Can a woman take her place in the Philippine city? Would she have the chance to shape it? Will our environment allow feminist places? These questions grapple with steep power relations, from our colonial past to our present authoritarian state. We are still at the level where a teenager has to school a misogynist television host about rape culture. We still live in a regime where a litany of offenses against women have left many feeling resigned; remarks about shooting vaginas can get away, and statements like telling working women leaders to "just maybe shut up" or calling them frauds are hailed by a certain population.

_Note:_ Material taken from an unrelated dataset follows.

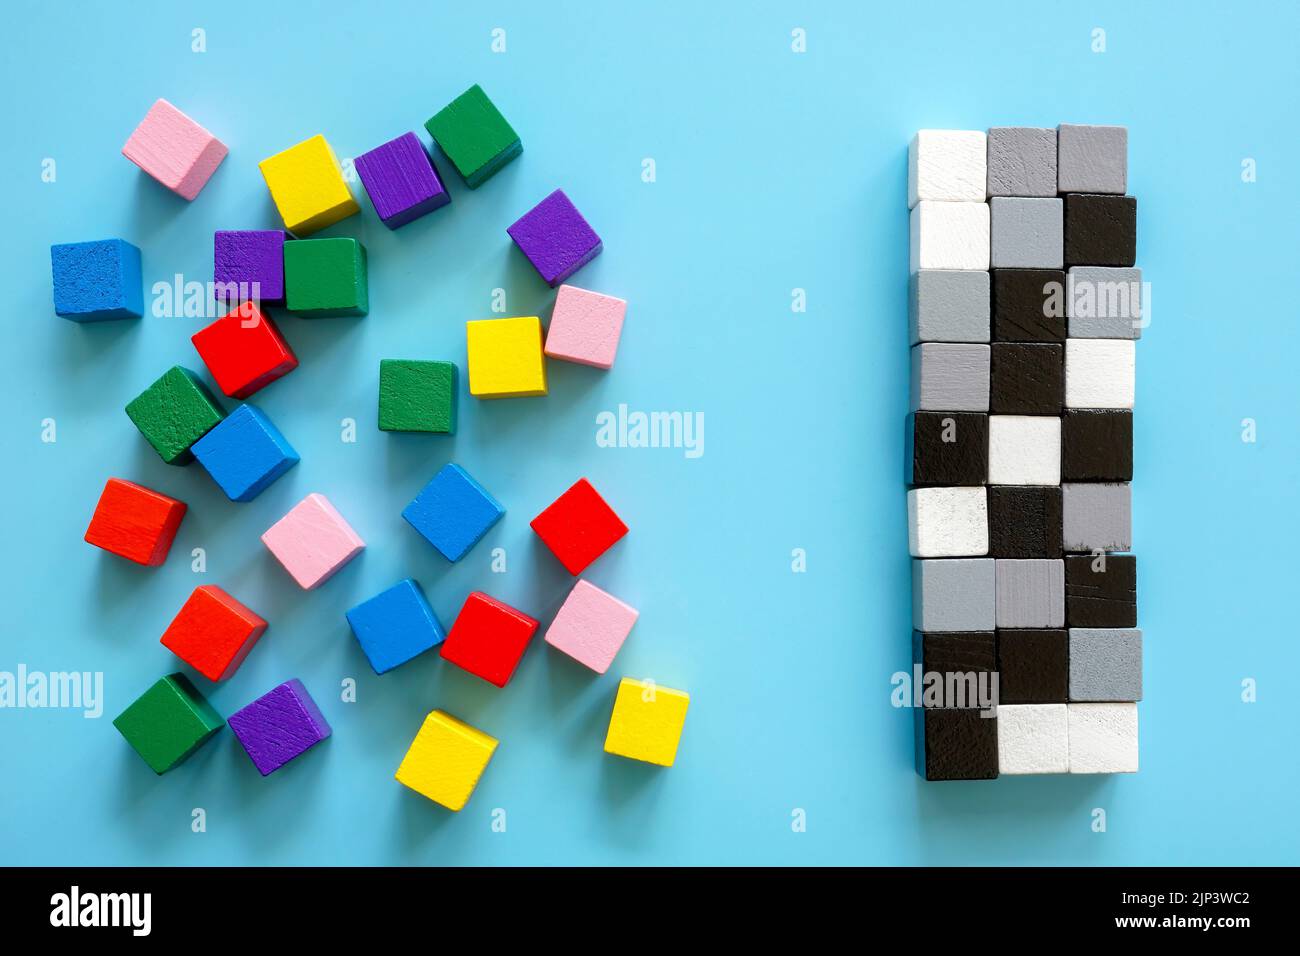 Cubi colorati e una linea di cubi bianchi e neri. Concetto di diversità e inclusione. Foto Stock

We have a long way to go. I imagine: What would Philippine cities look like if they were created by the working woman, the mother, the young girl, the widow, the indigenous woman, the lesbian, and the person who would be at the intersection of these descriptions? In our country, it’s already difficult to bring about urban transformation to have the bare minimum for better mobility and greener environments. Reshaping places for women shares some goals with these aspirations, the most common being an improved public realm. Better lighting and evenly paved sidewalks already promote safety, and creating spaces that support women’s multitasking activities are a few examples of addressing this.

My experience traversing Marikina to Pasay and back was long ago, but I still encounter harassment when I’m outdoors, I still feel fear. I’m sure many other women can say the same today. Despite this, pondering about a more feminist Philippine city also gives me hope.

Kern writes how a feminist city should be “care-centred,” in the sense that the city can enable us to “spread care more evenly.” Care manifests in so many things that the Filipino woman already does, from her work inside the home to organizing for causes, from supporting other women to leading much-needed changes in society. This care counters the shadow of dominance and hostility in our cities through the relations and friendships that we produce, and it even extends beyond our borders to other cities in the world through our nurses and caregivers. There is a quiet but certain power to this, but it still reveals something of great importance: Filipino women can, and will claim their place in the city.